No, it’s not a Google office. It’s WeWork, a popular coworking space that is spreading around the country.

Coworking spaces allow individuals and small companies to rent desks, usually by the month. They tend to be full of young, startup companies -- places too small or unestablished to sign an expensive, multi-year lease.

The price of a desk depends on both the location and the company, but at WeWork Boston, you can have once-a-month access for $45.

That price might seem high to terrestrial cubical-users, but to WeWork’s clients, it’s more than just a space. Coworking is a lifestyle.

“I think it’s a generational change,” says Gwen Wiscount, a 20-something account manager at Full Funnel. “We want to do it all…. We really want to optimize every part of our life, and work is just one of [those parts].”

Katie Martell, the CMO of Cintell - which also rents space at WeWork - agrees. “It’s kind of celebrated to be an entrepreneur right now.”

She also thinks WeWork’s hefty price tag is worth it. “It’s less daunting to start a company because you can focus on building your business…. You don’t need to focus on finding office space, getting coffee, or how you’re going to connect to the internet.”

But with a high quotient of hipness, and lots of unbridled energy, is it hard to concentrate and actually get work done?
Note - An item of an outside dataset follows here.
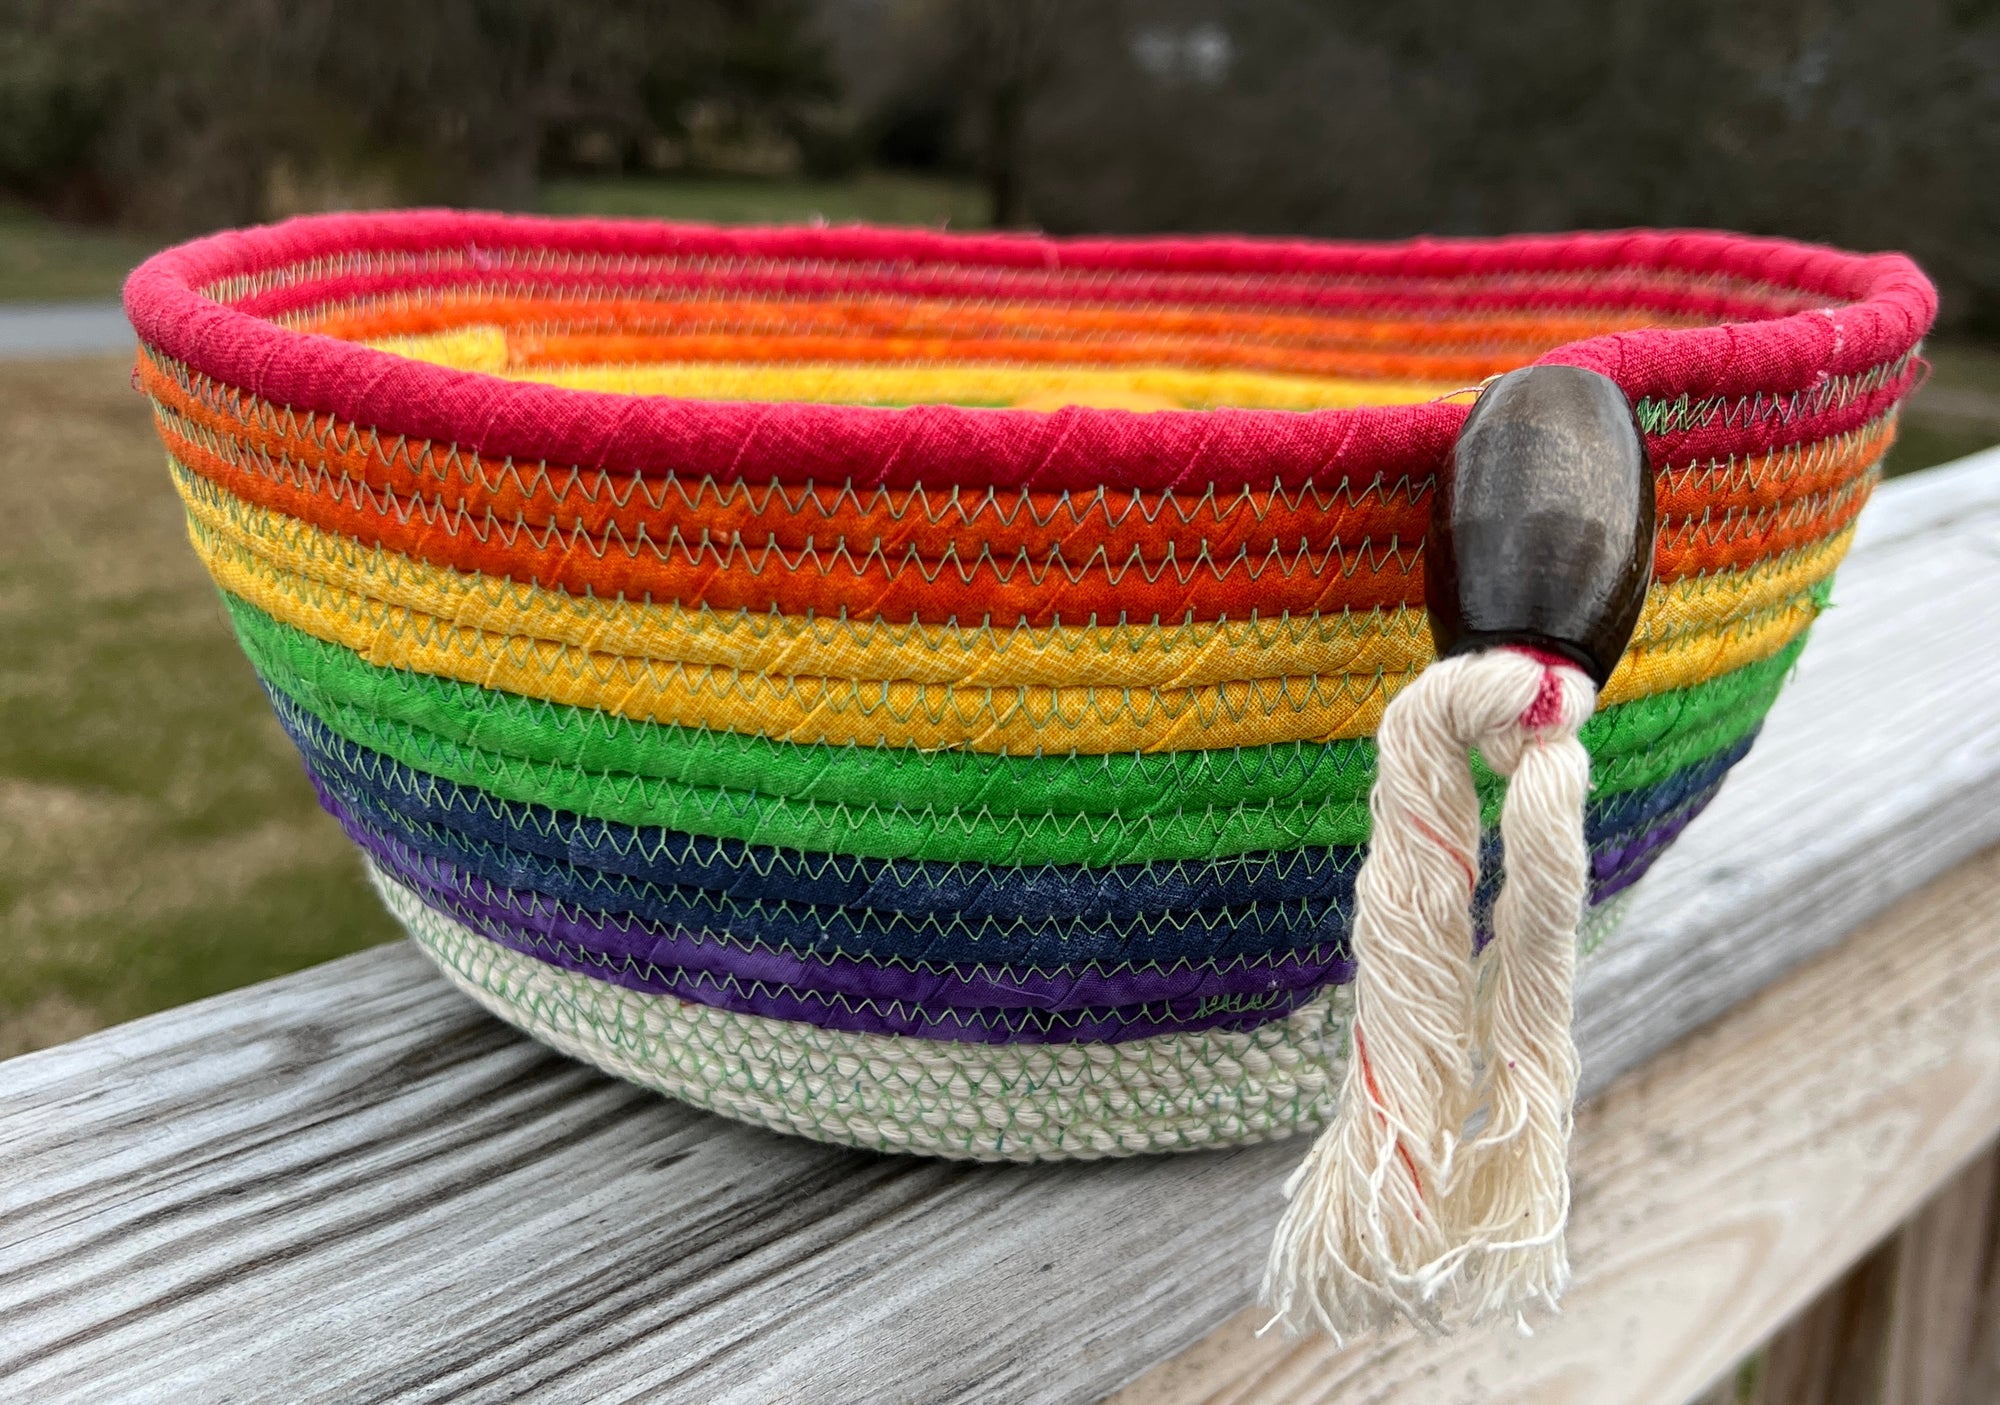 Coiled Rope Bowl - Large Fruit Bowl Size Eat the Rainbow

“Absolutely,” Says Martell. “There are times when it’s a little overwhelming to see guys lined up at the beer tap.”

WeWork is just one of many coworking companies that have popped up in the last decade. But it’s the only one valued at $16 billion.

We asked Bill Aulet, managing director of the Martin Trust Center for MIT Entrepreneurship, what he thought about that number. “There’s such a demand for anything related to entrepreneurship… education and real estate space… that the demand is outstripping the supply.”

Nitasha Tiku, senior writer at BuzzFeed, thinks the sky-high valuation might be hype.

Like Airbnb, coworking spaces are based on real estate but market themselves as software companies. “Just the fact that we call WeWork coworking, instead of short-term office rentals, shows you how successful they’ve been at billing themselves as harbingers of the new future.”

But will it change the way people go to work?

Well, the jury’s still out on that. A lot of WeWork’s success seems to come from its image - and that image has become so appealing that other landlords have started offering similar services, like beer on tap.

They may be on to something. WeWork now has 50,000 members worldwide.